TEST MATERIAL: 2000 mg/kg bw
Duration of exposure:
24 hours with a 14 day observation period
Doses:
2000 mg/kg bw
No. of animals per sex per dose:
5/sex/dose
Control animals:
not required
Details on study design:
- Duration of observation period following administration: 14 days
- Frequency of observations:
mortality twice daily;
clinical signs at 1 and 5 hours after removal of the dressing, daily thereafter
body weight on day 1 (before treatment), 7 and 14
- Necropsy of survivors performed: yes
- Other examinations performed: clinical signs, body weight,organ weights, histopathology, other:
Statistics:
NA limit test
Sex:
male/female
Dose descriptor:
LD50
Effect level:
> 2 000 mg/kg bw
Based on:
test mat.
Mortality:
None
Clinical signs:
local effects related to irritation (all reversible at day 7) :
redness 3/5 males
desquamation 1/5 males; 1/5 females
crustiness: 2/5 males
Body weight:
within normal ranges
Gross pathology:
hydrometra in 2/5 females
Interpretation of results:
GHS criteria not met
Conclusions:
The LD50 for dermal toxicity is >2000 mg/kg bw
Executive summary:

A single dose of the test substance at 2000 mg/kg bw was applied dermally to rats (5/sex). Signs of toxicity were limited to local irritant effects that were fully reversible after day 7. The LD50 for dermal toxicity is >2000 mg/kg bw.

Endpoint conclusion
Endpoint conclusion:
no adverse effect observed
Dose descriptor:
LD50
Value:
2 000 mg/kg bw
Quality of whole database:
The LD50 is > 2000 mg/kg bw

Additional information

No toxicity after acute oral and dermal exposure was observed.

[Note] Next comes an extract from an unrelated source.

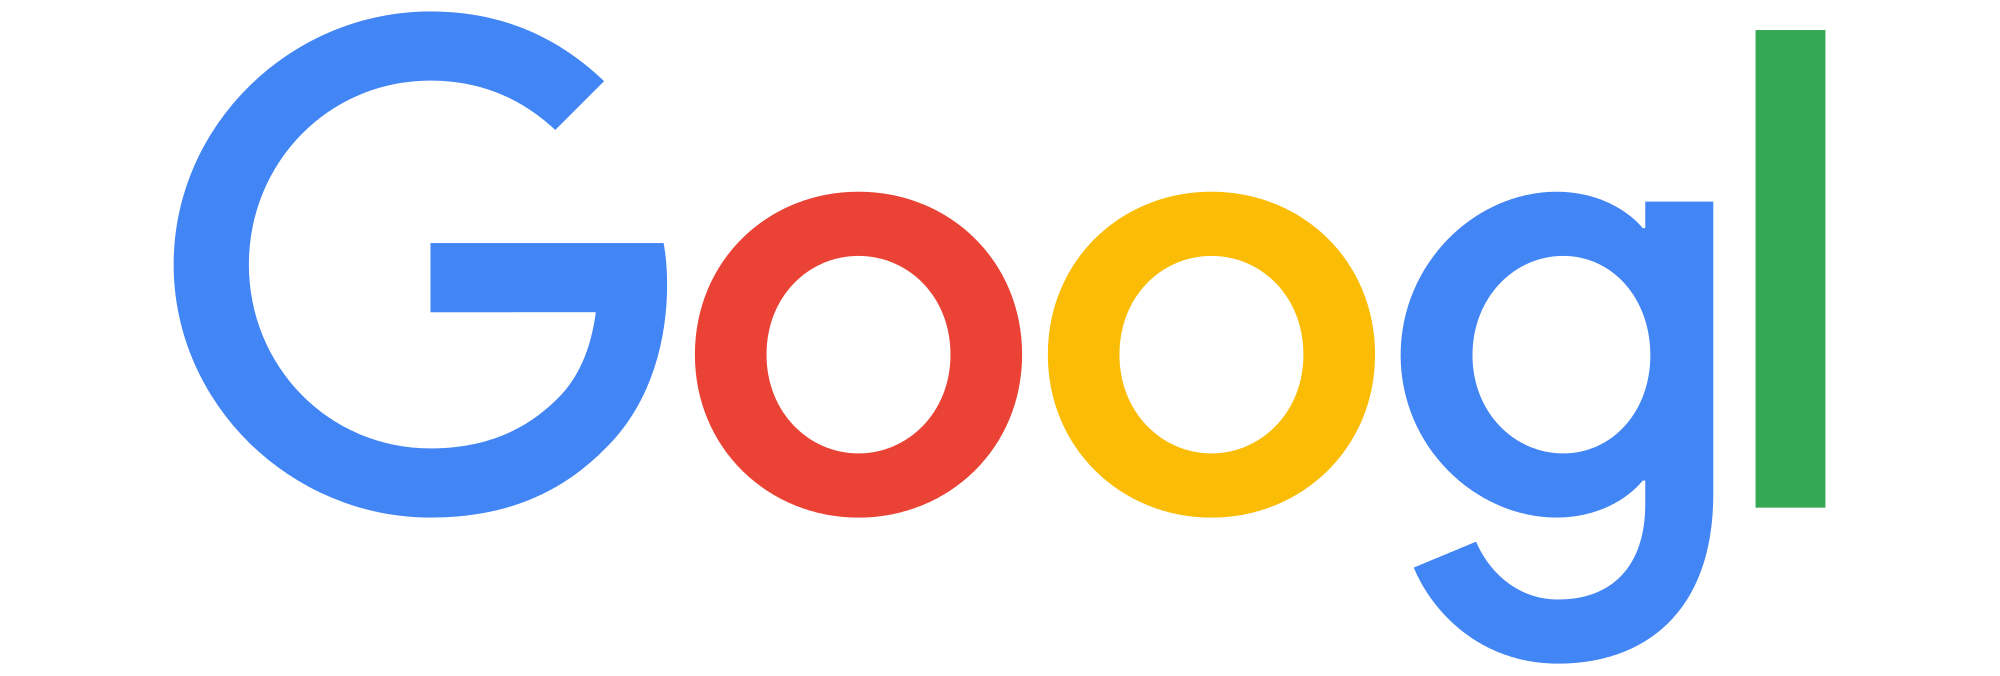 google banner

Justification for selection of acute toxicity – oral endpoint
similar to guideline study, non-GLP and no individual data reported

Justification for selection of acute toxicity – dermal endpoint
study under GLP according to the guideline

Justification for classification or non-classification

The substance does not need to be classified for acute toxicity. Based on the viscosity data available (kinematic viscosity 1.107 mm²/s at 40°C) the substance needs to be classified as H304.